If $ \alpha, \beta, \gamma $ are the roots of the equation $ x^3 + 3x^2 + 4x + 5 = 0 $, then the cubic equation whose roots are $ 1 + 4\alpha, 1 + 4\beta, 1 + 4\gamma $ is:

• A. \( x^3 + 9x^2 - 21x + 267 = 0 \)
• B. \( x^3 + 9x^2 + 43x - 267 = 0 \)
• C. \( x^3 + 9x^2 + 41x + 267 = 0 \)
• D. \( x^3 + 9x^2 + 43x + 267 = 0 \)

Hint:

To find a new polynomial from transformed roots like \( a\alpha + b \), substitute \( x = \frac{y - b}{a} \) into the original polynomial, then simplify and clear denominators.

Answer 1

The Correct Option is D

Step 1: Let the original roots be \( \alpha, \beta, \gamma \) of \[ f(x) = x^3 + 3x^2 + 4x + 5 = 0 \]
Step 2: Define a transformation \( y = 1 + 4x \Rightarrow x = \frac{y - 1}{4} \).

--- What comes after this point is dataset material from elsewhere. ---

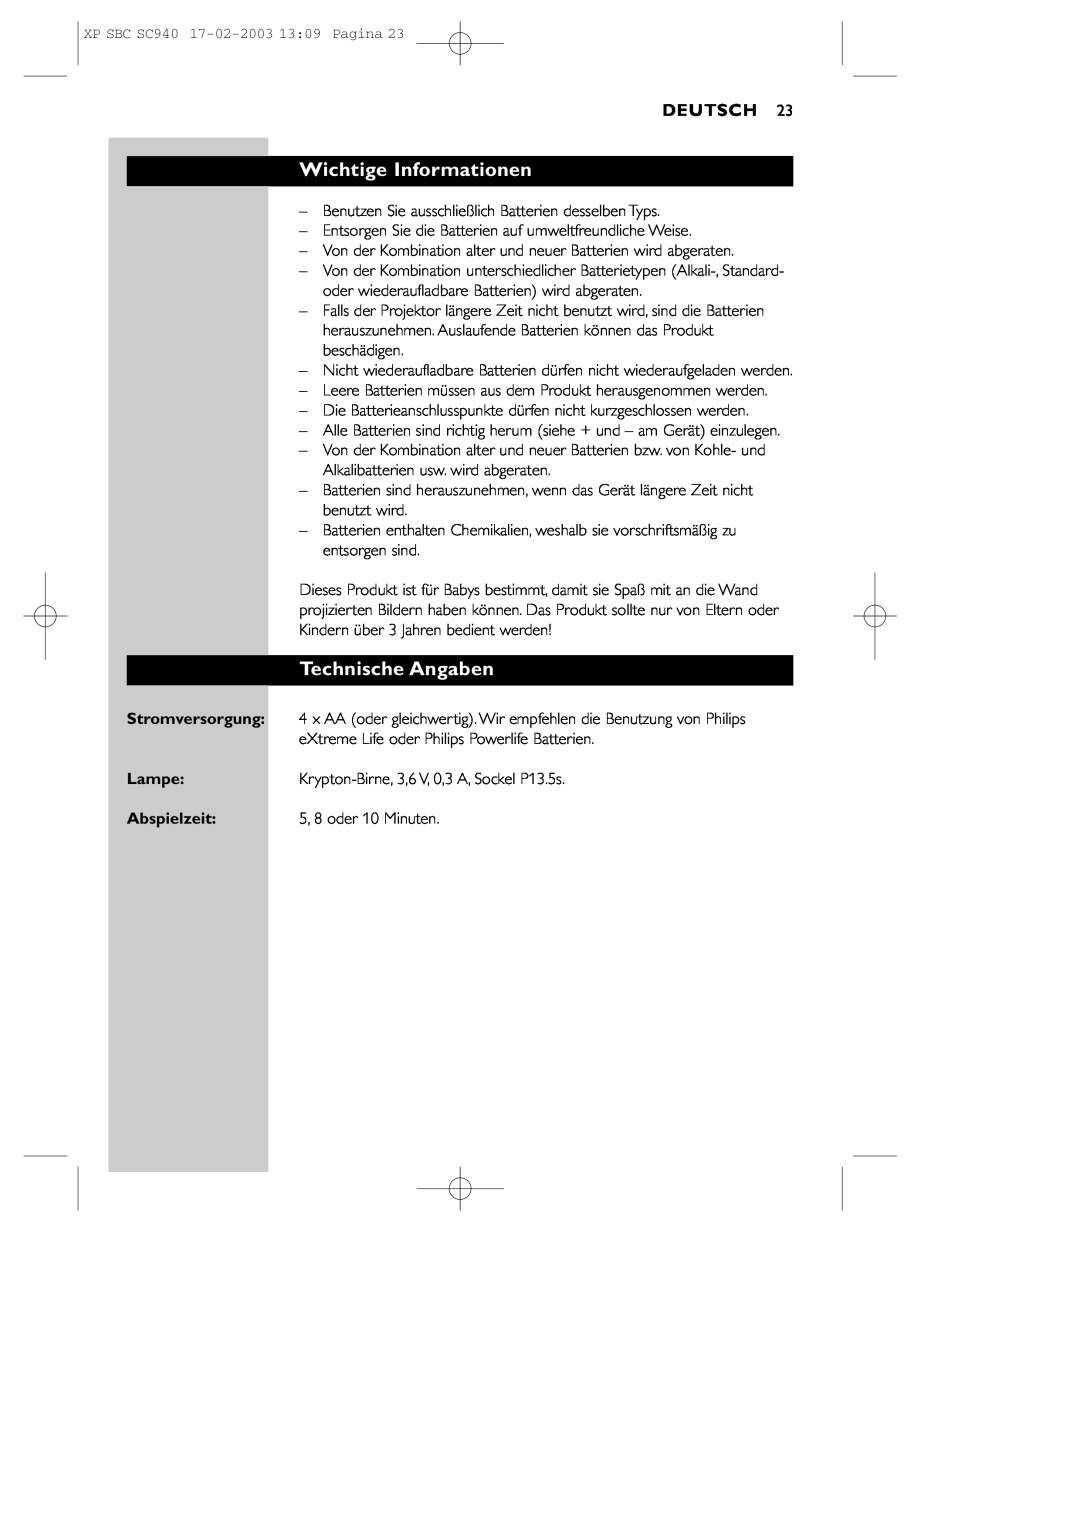 Philips SBC SC940 manual Wichtige Informationen, Technische Angaben, Deutsch, Stromversorgung, Lampe, Abspielzeit 
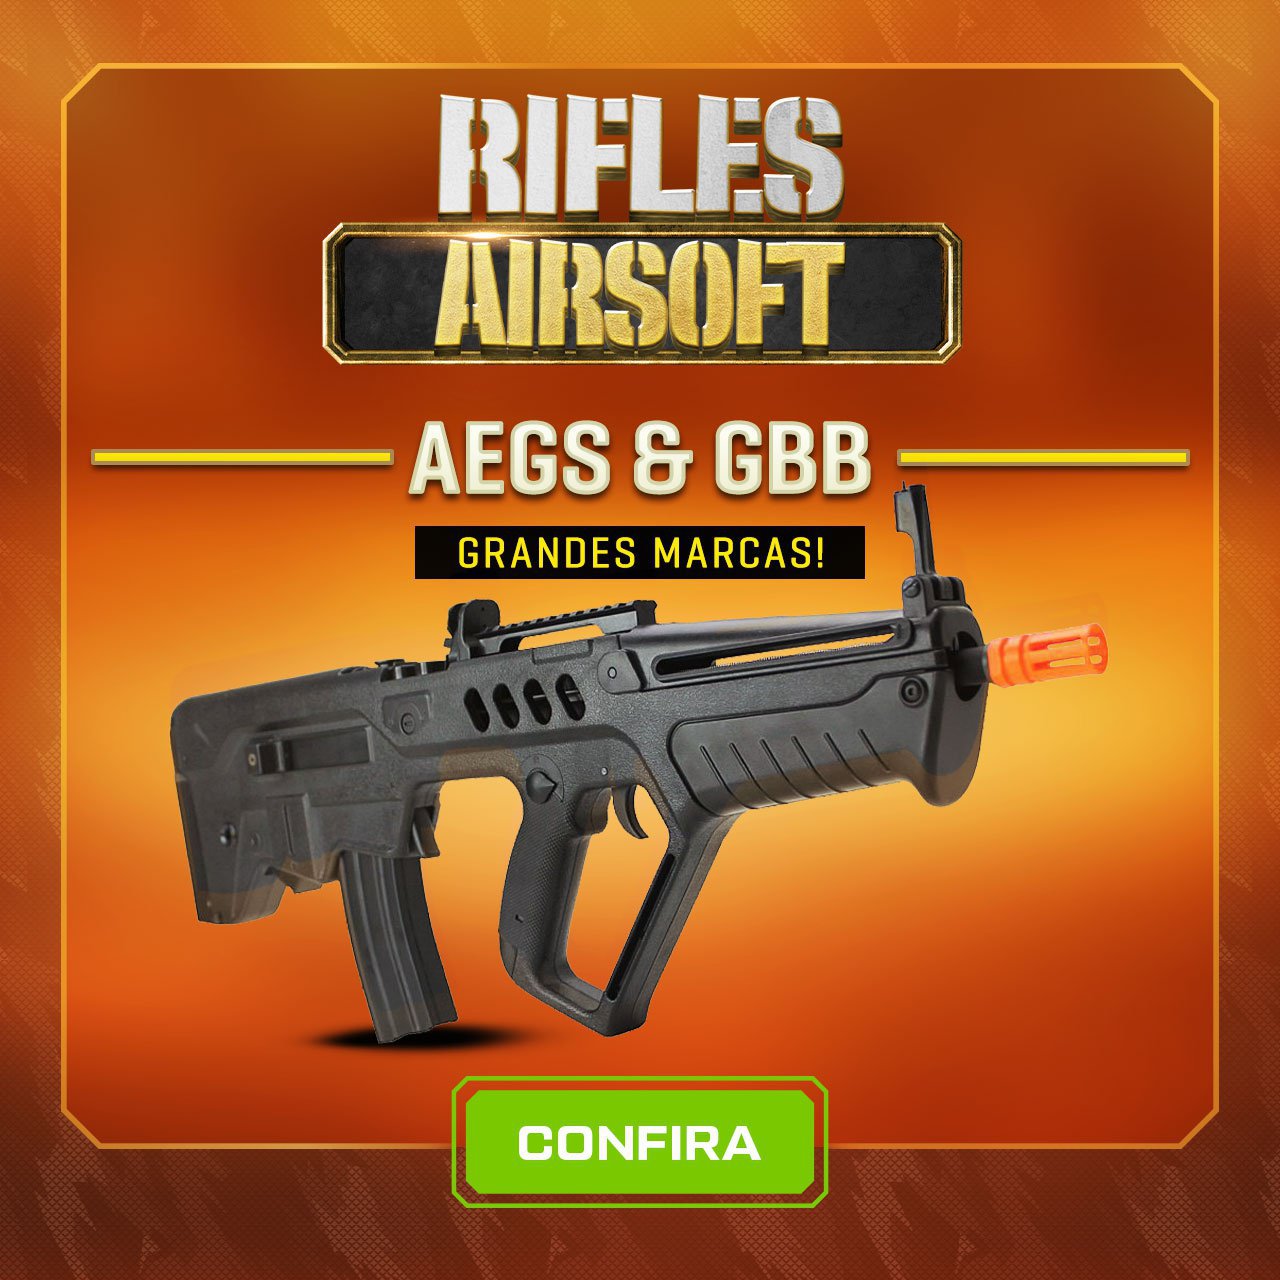 Rifles Airsoft - AEGs & GBB - Grandes Marcas!

Substitute \( x = \frac{y - 1}{4} \) into \( f(x) \): \[ f\left(\frac{y - 1}{4}\right) = \left(\frac{y - 1}{4}\right)^3 + 3\left(\frac{y - 1}{4}\right)^2 + 4\left(\frac{y - 1}{4}\right) + 5 \] Step 3: Simplify step by step.
Let us denote: \[ u = \frac{y - 1}{4} \Rightarrow f(u) = u^3 + 3u^2 + 4u + 5 \] Now compute \( f(u) \) as a function of \( y \): \[ u = \frac{y - 1}{4} \Rightarrow f(u) = \left(\frac{y - 1}{4}\right)^3 + 3\left(\frac{y - 1}{4}\right)^2 + 4\left(\frac{y - 1}{4}\right) + 5 \] Multiply entire expression by \( 4^3 = 64 \) to eliminate denominators: \[ \Rightarrow \text{Let } g(y) = 64 \cdot f\left( \frac{y - 1}{4} \right) \] After simplification (or using a symbolic calculator): \[ g(y) = y^3 + 9y^2 + 43y + 267 \] Hence, the required cubic equation is: \[ x^3 + 9x^2 + 43x + 267 = 0 \]